Let’s first compare histograms of very small samples (by restricting the rows of blobs1d). Note how the bin locations \(b_i\) are predefined, independently of the data.

estimate_density1d(blobs1d.iloc[:3])

../../_images/cd6adbf181ac7c5d2ec1173a80c31623cb1ad5364a131f36220fd60ad317efb7.png

estimate_density1d(blobs1d.iloc[3:6])

../../_images/44cf45a1e5b06aea8551692580f6234471b21b9cc64b5f750a04e1bc42eb81a7.png

These histogram density estimates are not very useful because we have chosen fixed bins that are too small for so few samples. As an alternative, we can use the data to determine the binning, e.g. with the Freedman-Diaconnis rule that sns.distplot uses when bins=None:

estimate_density1d(blobs1d.iloc[:3], bins=None)

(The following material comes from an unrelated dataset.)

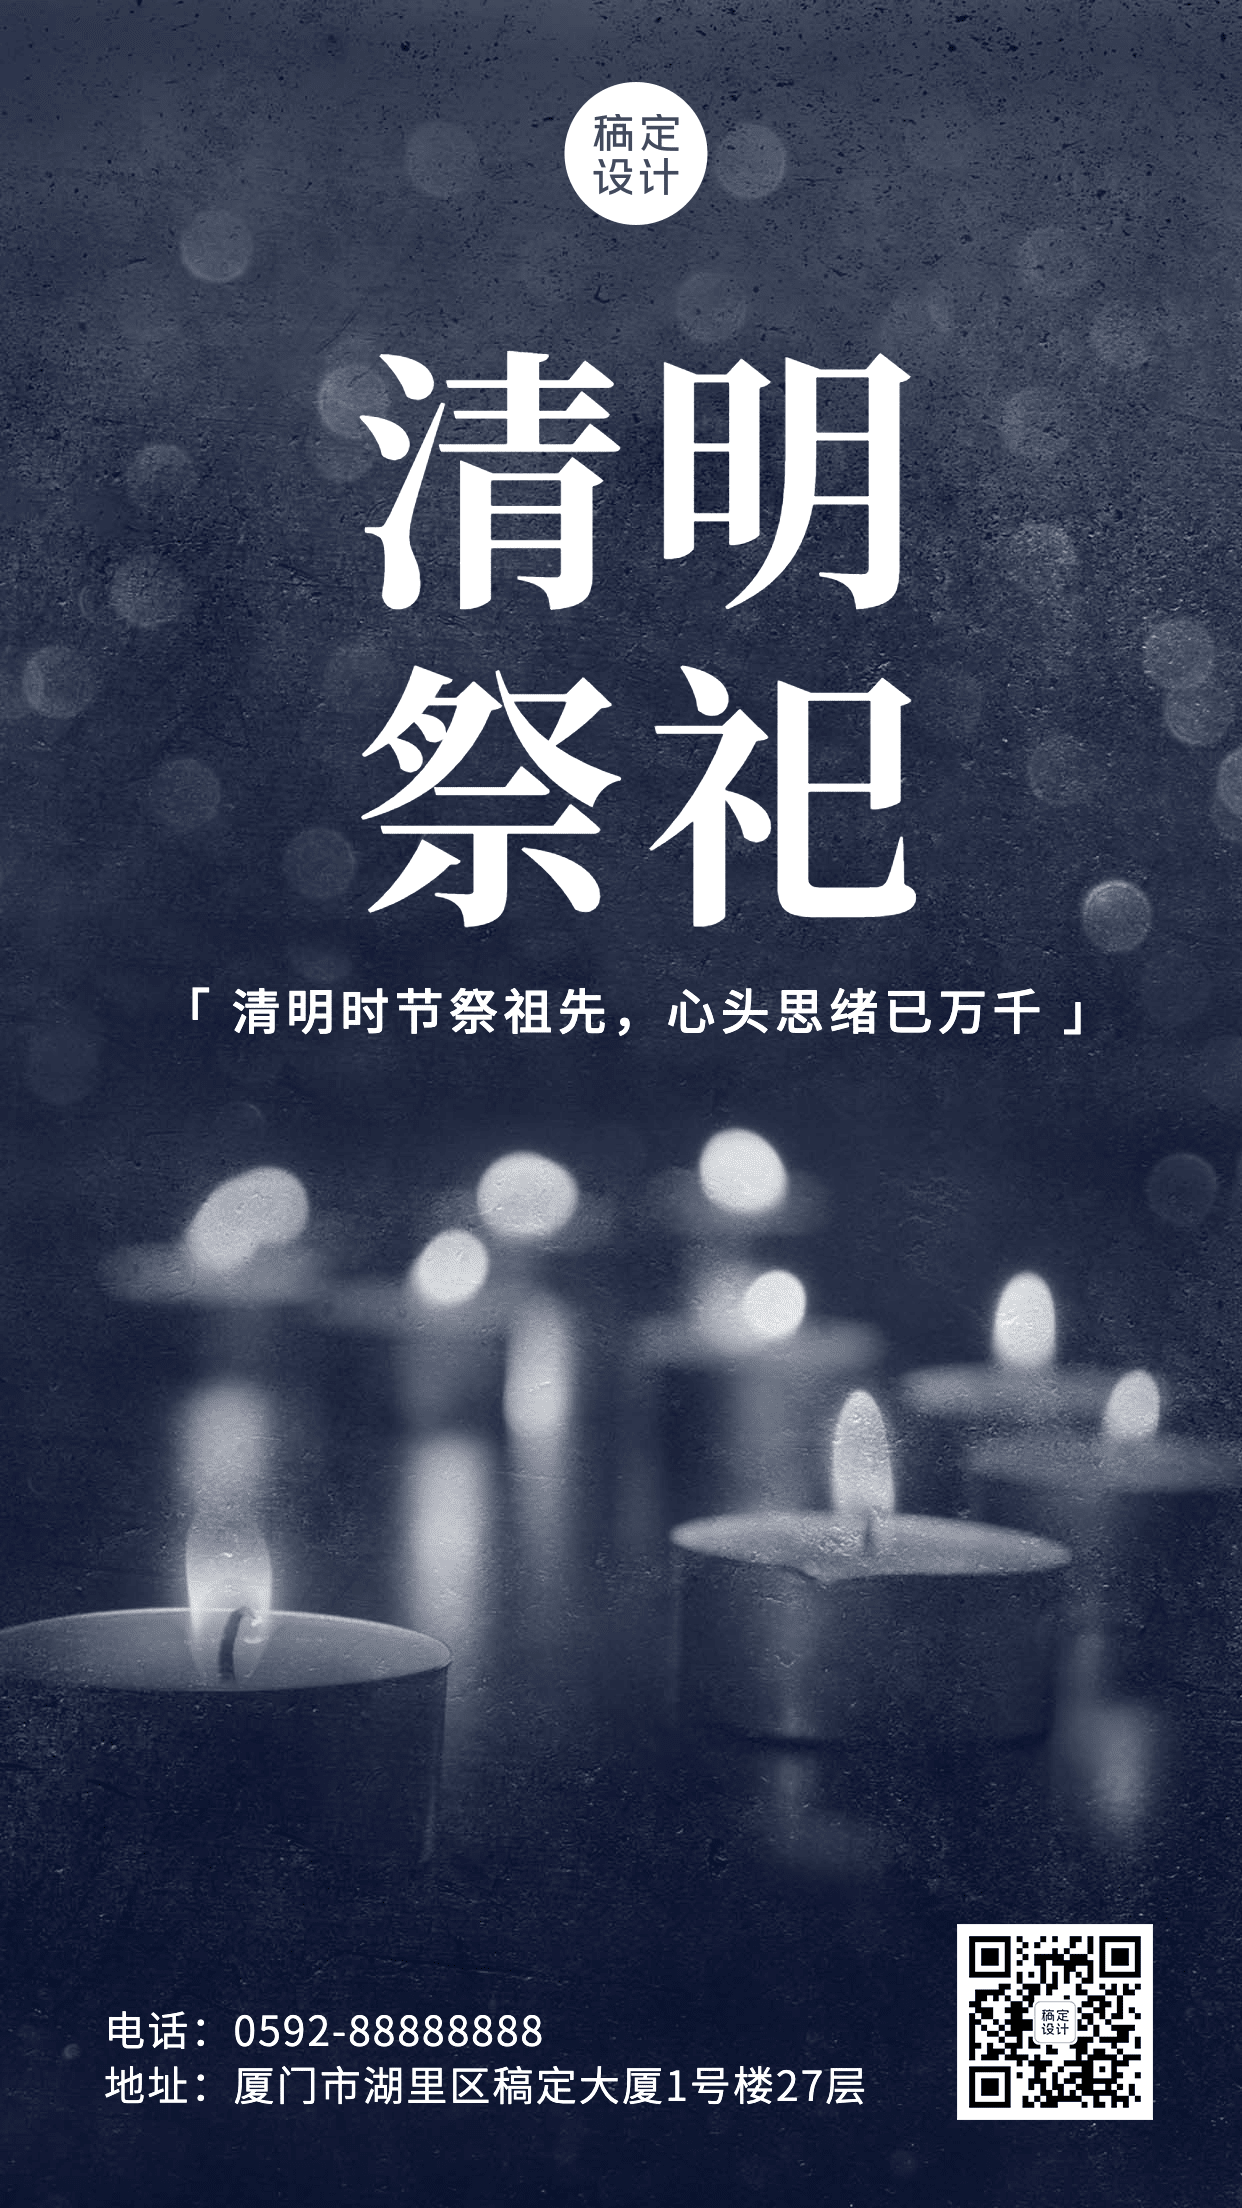 清明节节日祝福蜡烛哀悼手机海报预览效果

../../_images/10b681c20fad7d976cdec21b37ea040a5b22efefe9921b2377d37c5e7bb11948.png

This is an improvement, but an even better use of the data is to center the contribution of each sample on the sample itself, which is the key idea of kernel density estimation:

estimate_density1d(blobs1d.iloc[:3], kernels='tophat')

../../_images/79f1e0ba036aea95d7a0967697ad8e4ba54f680be3f0c589a9291b80dcb13d75.png

There is nothing special about the “tophat” shape assigned to each sample, which we call the kernel, and other choices are equally valid, e.g.

estimate_density1d(blobs1d.iloc[:3], kernels='tophat,gaussian,cosine')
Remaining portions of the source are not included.